(Data records)
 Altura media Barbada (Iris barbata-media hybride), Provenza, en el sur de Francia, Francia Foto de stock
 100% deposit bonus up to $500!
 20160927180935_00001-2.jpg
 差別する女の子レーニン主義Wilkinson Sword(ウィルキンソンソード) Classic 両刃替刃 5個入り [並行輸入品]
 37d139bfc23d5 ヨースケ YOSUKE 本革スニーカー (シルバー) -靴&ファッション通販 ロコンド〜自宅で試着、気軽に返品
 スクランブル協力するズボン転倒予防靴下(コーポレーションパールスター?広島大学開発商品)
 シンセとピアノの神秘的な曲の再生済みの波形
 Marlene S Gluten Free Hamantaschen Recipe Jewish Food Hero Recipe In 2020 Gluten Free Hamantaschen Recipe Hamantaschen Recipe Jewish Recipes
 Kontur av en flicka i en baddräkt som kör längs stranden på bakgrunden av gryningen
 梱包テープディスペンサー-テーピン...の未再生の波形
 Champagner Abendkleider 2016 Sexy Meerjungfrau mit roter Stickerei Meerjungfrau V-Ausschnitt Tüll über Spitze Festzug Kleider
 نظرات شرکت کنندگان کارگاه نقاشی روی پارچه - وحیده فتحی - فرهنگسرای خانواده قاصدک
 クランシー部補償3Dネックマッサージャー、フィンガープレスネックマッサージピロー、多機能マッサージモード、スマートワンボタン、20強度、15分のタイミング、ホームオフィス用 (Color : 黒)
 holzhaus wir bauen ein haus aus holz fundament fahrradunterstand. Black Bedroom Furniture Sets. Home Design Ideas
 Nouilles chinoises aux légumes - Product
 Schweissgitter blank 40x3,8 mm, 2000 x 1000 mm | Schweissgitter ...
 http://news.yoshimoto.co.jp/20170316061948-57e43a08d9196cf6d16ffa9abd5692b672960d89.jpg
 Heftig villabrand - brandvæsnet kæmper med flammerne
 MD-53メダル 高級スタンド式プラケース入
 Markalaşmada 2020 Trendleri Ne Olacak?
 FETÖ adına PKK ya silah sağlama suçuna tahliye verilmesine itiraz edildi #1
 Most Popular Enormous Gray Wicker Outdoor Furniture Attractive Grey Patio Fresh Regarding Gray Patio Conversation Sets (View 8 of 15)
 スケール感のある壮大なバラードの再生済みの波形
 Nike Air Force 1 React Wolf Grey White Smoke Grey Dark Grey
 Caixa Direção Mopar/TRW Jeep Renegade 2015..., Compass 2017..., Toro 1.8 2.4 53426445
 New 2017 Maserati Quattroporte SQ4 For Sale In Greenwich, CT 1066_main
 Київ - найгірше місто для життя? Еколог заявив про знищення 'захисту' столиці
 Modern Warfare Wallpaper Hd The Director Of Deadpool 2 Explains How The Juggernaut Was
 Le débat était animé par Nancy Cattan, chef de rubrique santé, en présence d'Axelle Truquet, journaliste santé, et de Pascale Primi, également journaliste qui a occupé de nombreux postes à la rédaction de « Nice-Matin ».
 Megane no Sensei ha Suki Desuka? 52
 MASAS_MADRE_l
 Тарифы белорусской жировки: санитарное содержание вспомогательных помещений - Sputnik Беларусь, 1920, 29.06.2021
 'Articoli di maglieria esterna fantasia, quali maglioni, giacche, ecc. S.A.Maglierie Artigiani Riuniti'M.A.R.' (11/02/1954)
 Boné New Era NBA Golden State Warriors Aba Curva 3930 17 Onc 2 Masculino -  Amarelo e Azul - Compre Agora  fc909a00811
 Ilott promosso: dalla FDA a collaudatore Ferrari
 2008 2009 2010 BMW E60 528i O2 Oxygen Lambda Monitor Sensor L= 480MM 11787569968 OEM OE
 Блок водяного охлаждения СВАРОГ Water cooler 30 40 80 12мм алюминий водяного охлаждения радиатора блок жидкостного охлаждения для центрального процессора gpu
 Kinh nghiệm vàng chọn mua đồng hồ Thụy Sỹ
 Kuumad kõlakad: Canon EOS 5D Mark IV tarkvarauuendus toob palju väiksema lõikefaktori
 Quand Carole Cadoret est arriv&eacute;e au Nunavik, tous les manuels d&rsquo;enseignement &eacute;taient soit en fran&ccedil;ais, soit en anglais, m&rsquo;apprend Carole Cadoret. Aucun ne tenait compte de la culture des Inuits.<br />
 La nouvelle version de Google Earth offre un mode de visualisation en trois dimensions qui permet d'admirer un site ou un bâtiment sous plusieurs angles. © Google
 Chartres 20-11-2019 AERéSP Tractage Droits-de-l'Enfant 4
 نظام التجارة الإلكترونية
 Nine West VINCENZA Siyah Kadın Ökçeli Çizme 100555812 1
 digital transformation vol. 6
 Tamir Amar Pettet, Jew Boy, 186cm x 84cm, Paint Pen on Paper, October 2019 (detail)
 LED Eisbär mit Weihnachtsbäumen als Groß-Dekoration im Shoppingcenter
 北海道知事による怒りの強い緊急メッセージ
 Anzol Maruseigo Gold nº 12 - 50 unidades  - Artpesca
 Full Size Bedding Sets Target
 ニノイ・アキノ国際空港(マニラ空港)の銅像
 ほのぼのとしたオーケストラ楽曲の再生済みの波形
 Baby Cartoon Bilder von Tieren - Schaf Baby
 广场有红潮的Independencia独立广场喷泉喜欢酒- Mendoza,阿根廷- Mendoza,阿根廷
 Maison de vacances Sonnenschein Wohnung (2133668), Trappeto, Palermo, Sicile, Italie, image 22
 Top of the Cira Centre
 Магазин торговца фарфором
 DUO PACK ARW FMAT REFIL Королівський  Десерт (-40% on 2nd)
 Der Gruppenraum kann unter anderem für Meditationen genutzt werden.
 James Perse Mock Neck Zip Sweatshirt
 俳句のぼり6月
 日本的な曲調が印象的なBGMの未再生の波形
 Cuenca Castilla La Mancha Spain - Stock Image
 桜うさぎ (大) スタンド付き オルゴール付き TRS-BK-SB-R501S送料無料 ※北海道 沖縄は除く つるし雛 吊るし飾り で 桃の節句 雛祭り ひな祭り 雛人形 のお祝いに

- What to work on: Return verbatim each line from the one that mentions "Cuenca Castilla La" to the end of the entries, inclusive.

- Written solution:
 Cuenca Castilla La Mancha Spain - Stock Image
 桜うさぎ (大) スタンド付き オルゴール付き TRS-BK-SB-R501S送料無料 ※北海道 沖縄は除く つるし雛 吊るし飾り で 桃の節句 雛祭り ひな祭り 雛人形 のお祝いに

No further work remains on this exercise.